Indikasi tranfusi PRC pada klien gagal ginjal :
a) HCT < atau sama dengan 20 %
b) Hb < atau sama dengan 7 mg5
c) Klien dengan keluhan : angina pektoris, gejala umum anemia 
   dan high
output heart failure.
Komplikasi tranfusi darah :
a) Hemosiderosis
b) Supresi sumsum tulang
c) Bahaya overhidrasi, asidosis dan hiperkalemia
d) Bahaya infeksi hepatitis virus dan CMV
e) Pada Human Leukosite antigen (HLA) berubah, penting untuk rencana
transplantasi ginjal.
c. Kelainan Kulit
1) Pruritus (uremic itching)
Keluhan gatal ditemukan pada 25% kasus CKD dan terminal, insiden meningkat
pada klien yang mengalami HD.
Keluhan :
a) Bersifat subyektif
b) Bersifat obyektif : kulit kering, prurigo nodularis, keratotic papula dan lichen
symply
Beberapa pilihan terapi :
a) Mengendalikan hiperfosfatemia dan hiperparatiroidisme
b) Terapi lokal : topikal emmolient ( tripel lanolin )
c) Fototerapi dengan sinar UV-B 2x perminggu selama 2-6 mg, terapi ini bisa
diulang apabila diperlukan

d) Pemberian obat
 Diphenhidramine 25-50 P.O
 Hidroxyzine 10 mg P.O 

2) Easy Bruishing
Kecenderungan perdarahan pada kulit dan selaput serosa berhubungan denga
retensi toksin asotemia dan gangguan fungsi trombosit. Terapi yang diperlukan
adalah tindakan dialisis.
d. Kelainan Neuromuskular
Terapi pilihannya  
:
 HD reguler
 Obat-obatan : Diasepam, sedatif
 Operasi sub total paratiroidektomi.
e. Hipertensi
Bentuk hipertensi pada klien dengan GG berupa : volum dependen hipertensi, tipe
vasokonstriksi atau kombinasi keduanya. Program terapinya meliputi :
 Restriksi garam dapur
 Diuresis dan Ultrafiltrasi
 Obat-obat antihipertensi.
3. Terapi pengganti
Terapi pengganti ginjal dilakukan pada penyakit ginjal kronik stadium 5, yaitu pada
LFG kurang dari 15 ml/menit. Terapi tersebut dapat berupa hemodialisis, dialisis
peritoneal, dan transplantasi ginjal (Suwitra, 2006).

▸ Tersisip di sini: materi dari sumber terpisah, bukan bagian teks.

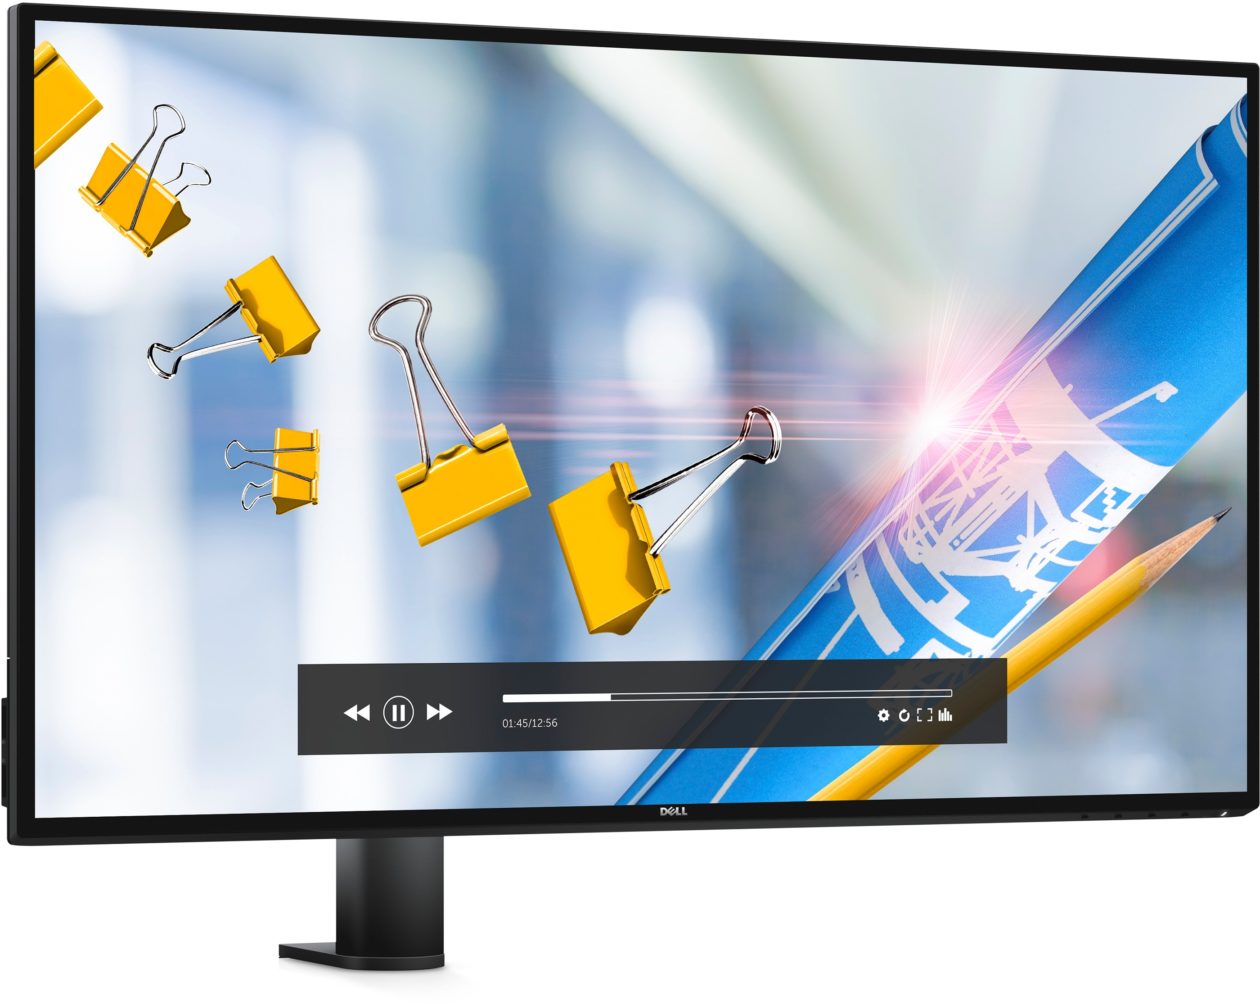 Review: We tested Dell's 27 ″ UltraSharp InfinityEdge U2717DA monitor

a. Dialisis yang meliputi :
1) Hemodialisa
Tindakan terapi dialisis tidak boleh terlambat untuk mencegah gejala toksik
azotemia, dan malnutrisi. Tetapi terapi dialisis tidak boleh terlalu cepat pada
pasien GGK yang belum tahap akhir akan memperburuk faal ginjal
(LFG). Secara khusus, indikasi HD adalah :
1. Pasien yang memerlukan hemodialisa adalah pasien GGK dan GGA untuk
sementara sampai fungsi ginjalnya pulih.
2. Pasien-pasien tersebut dinyatakan memerlukan hemodialisa apabila terdapat
indikasi :
 Hiperkalemia > 17 mg/lt
 Asidosis metabolik dengan pH darah < 7.2
 Kegagalan terapi konservatif
 Kadar ureum > 200 mg % dan keadaan gawat pasien uremia, asidosis
metabolik berat, hiperkalemia, perikarditis, efusi, edema paru ringan atau
berat atau kreatinin tinggi dalam darah dengan nilai kreatinin > 100 mg %
 Kelebihan cairan
 Mual dan muntah hebat
 BUN > 100 mg/ dl (BUN = 2,14 x nilai ureum )

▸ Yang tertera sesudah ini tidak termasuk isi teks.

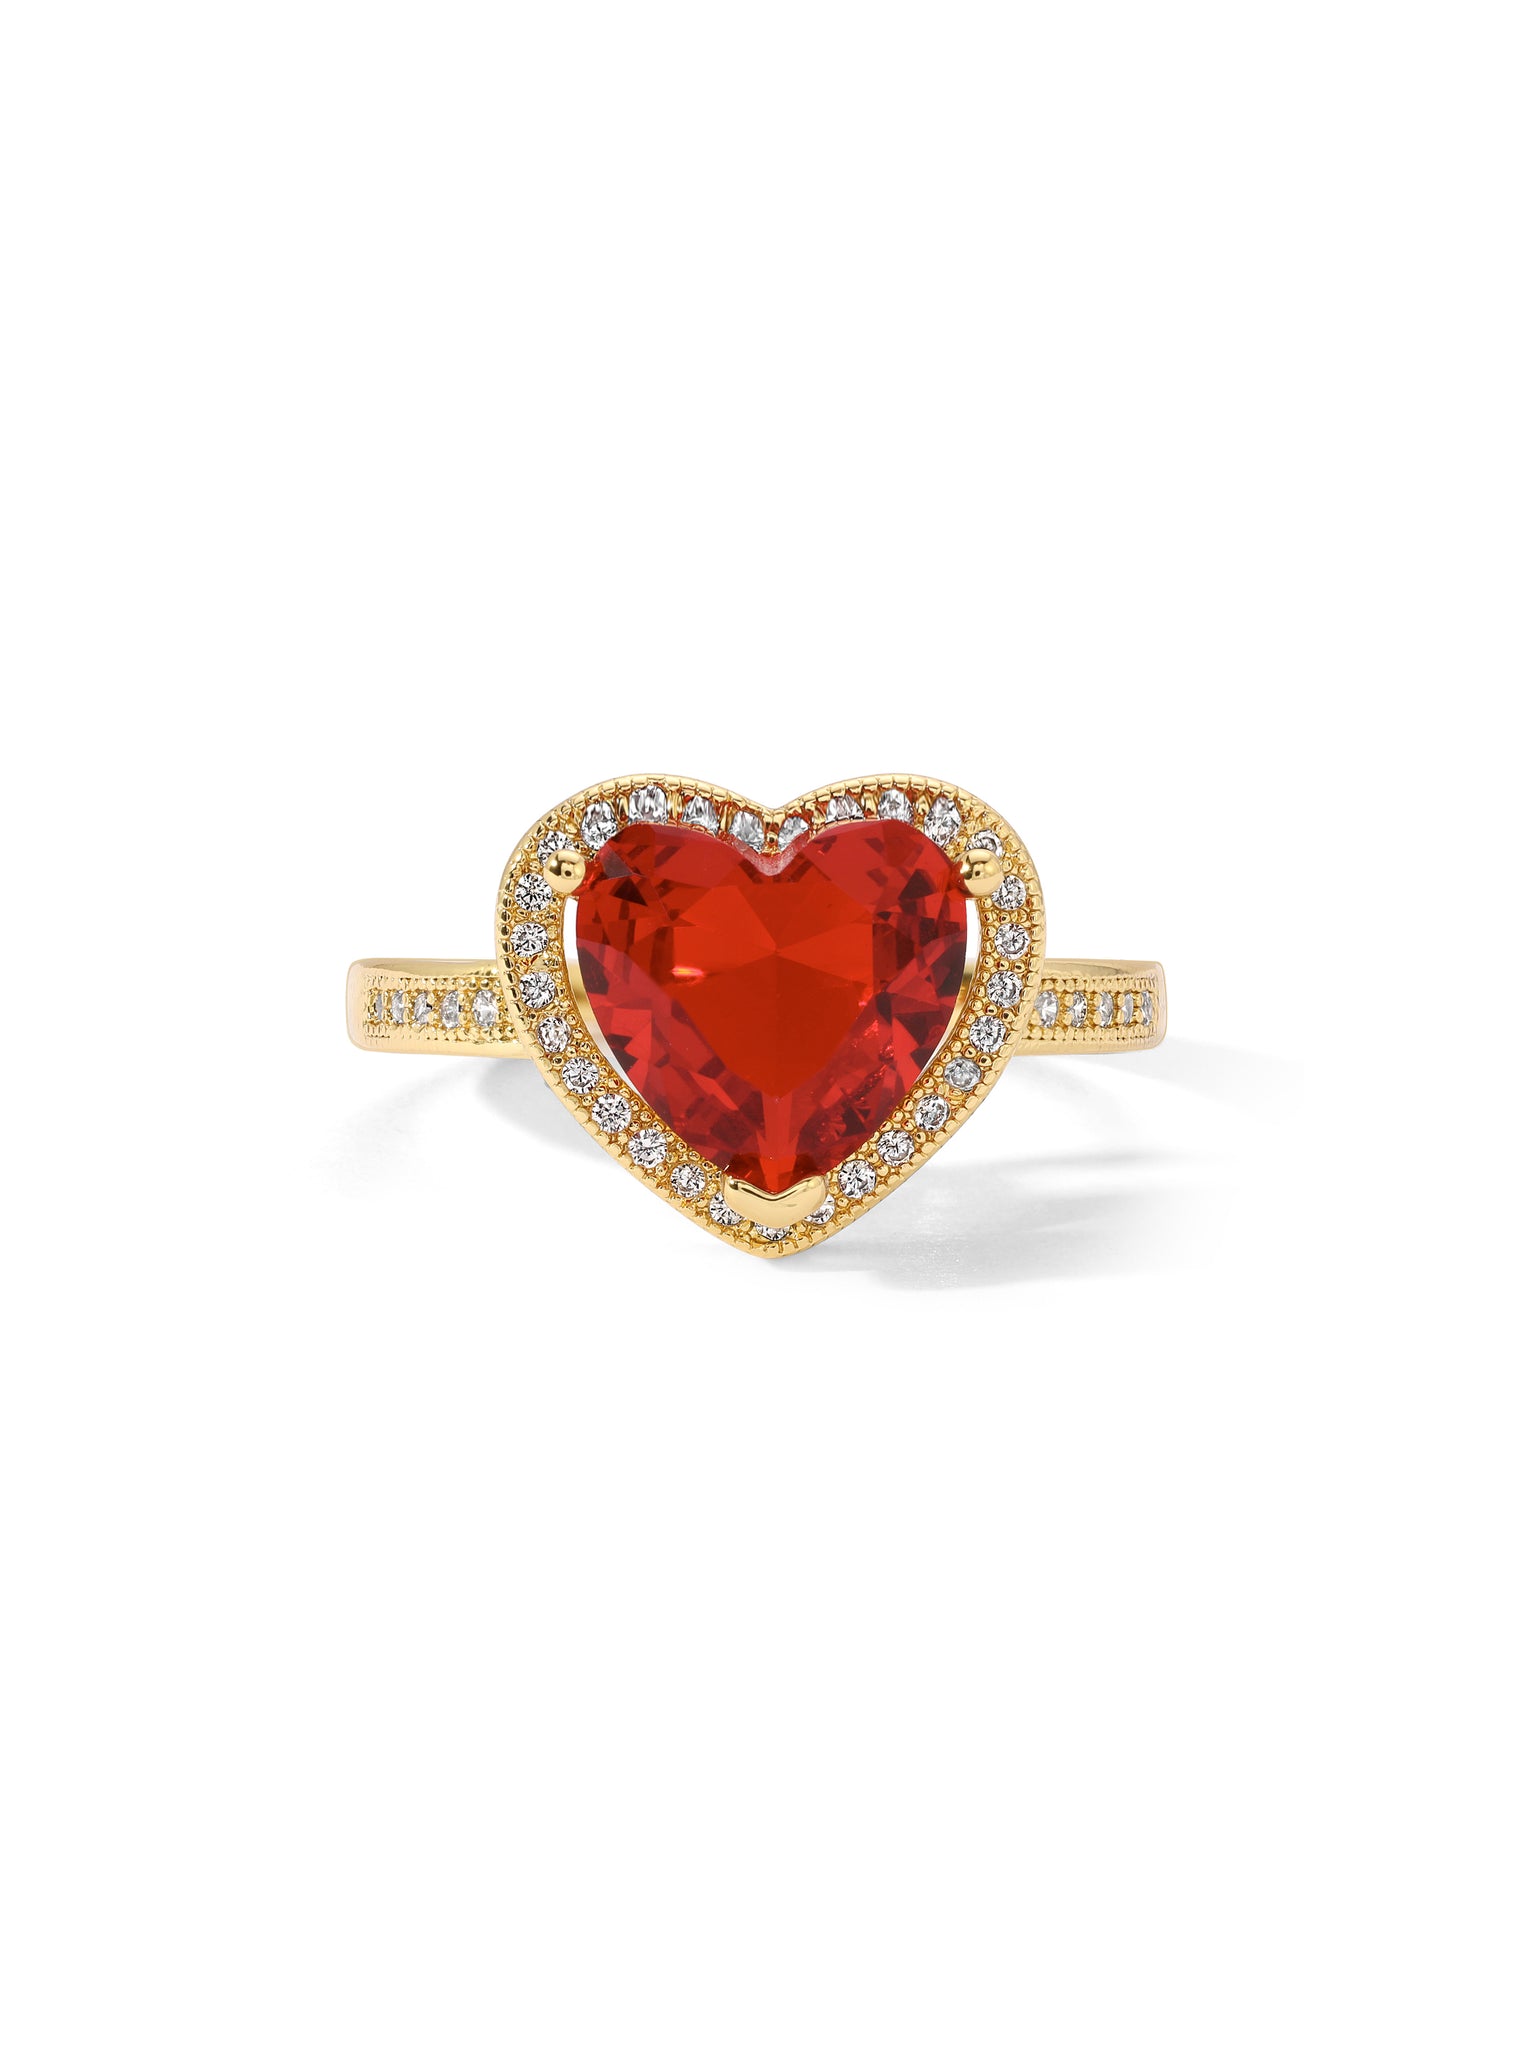 One Heart Diamond Ring

 preparat (gagal ginjal dengan kasus bedah )
 Sindrom kelebihan air
 Intoksidasi obat jenis barbiturat
Indikasi tindakan terapi dialisis, yaitu indikasi absolut dan indikasi
elektif. Beberapa yang termasuk dalam indikasi absolut, yaitu
perikarditis, ensefalopati/ neuropati azotemik, bendungan paru dan kelebihan
cairan yang tidak responsif dengan diuretik, hipertensi berat, muntah persisten,
dan Blood Uremic Nitrogen (BUN) > 120 mg% atau > 40 mmol per liter dan
kreatinin > 10 mg% atau > 90 mmol perliter. Indikasi elektif, yaitu LFG antara 5
dan 8 mL/menit/1,73m², mual, anoreksia, muntah, dan astenia berat (Sukandar,
2006).
Menurut konsensus Perhimpunan Nefrologi Indonesia (PERNEFRI)

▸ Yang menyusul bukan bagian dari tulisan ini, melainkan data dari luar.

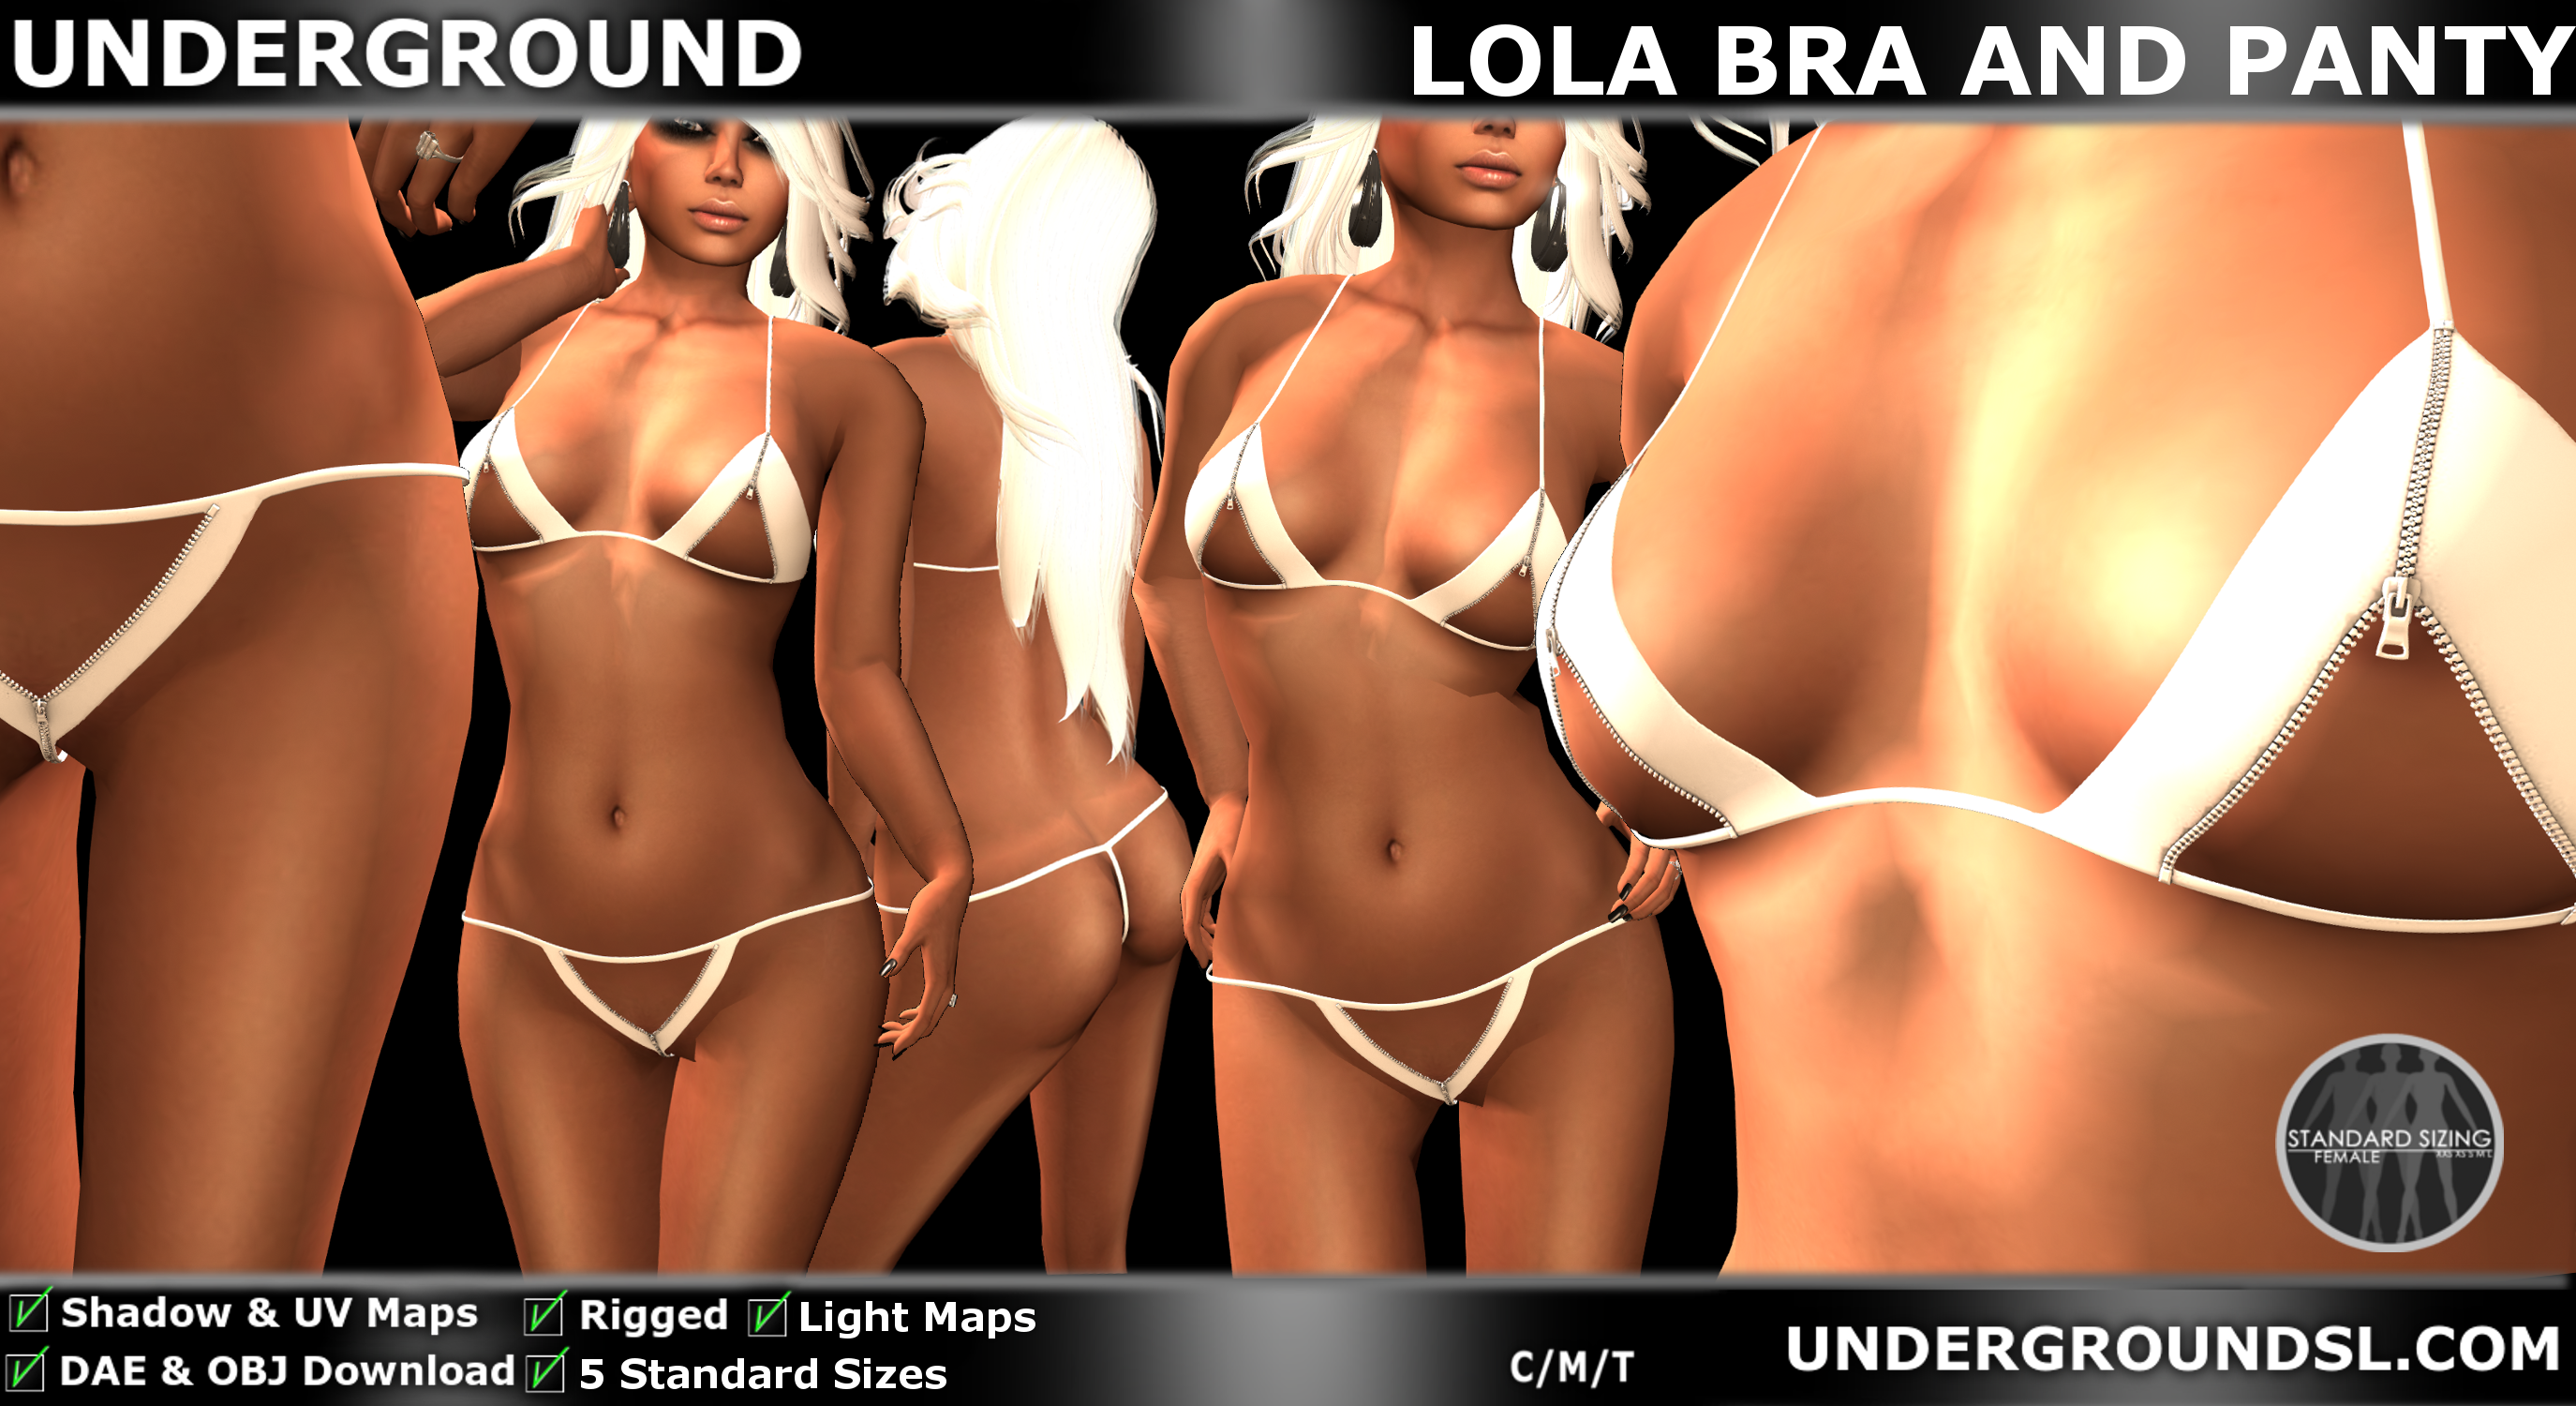 Lola bra and panty kit.

(2003) secara ideal semua pasien dengan Laju Filtrasi Goal (LFG) kurang dari
15 mL/menit, LFG kurang dari 10 mL/menit dengan gejala uremia/malnutrisi
dan LFG kurang dari 5 mL/menit walaupun tanpa gejala dapat menjalani
dialisis. Selain indikasi tersebut juga disebutkan adanya indikasi khusus yaitu
apabila terdapat komplikasi akut seperti oedem paru, hiperkalemia, asidosis
metabolik berulang, dan nefropatik diabetik.
Hemodialisis di Indonesia dimulai pada tahun 1970 dan sampai sekarang
telah dilaksanakan di banyak rumah sakit rujukan. Umumnya dipergunakan
ginjal buatan yang kompartemen darahnya adalah kapiler-kapiler selaput
semipermiabel (hollow fibre kidney). Kualitas hidup yang diperoleh cukup baik
dan panjang umur yang tertinggi sampai sekarang 14 tahun. Kendala yang ada
adalah biaya yang mahal (Rahardjo, 2006).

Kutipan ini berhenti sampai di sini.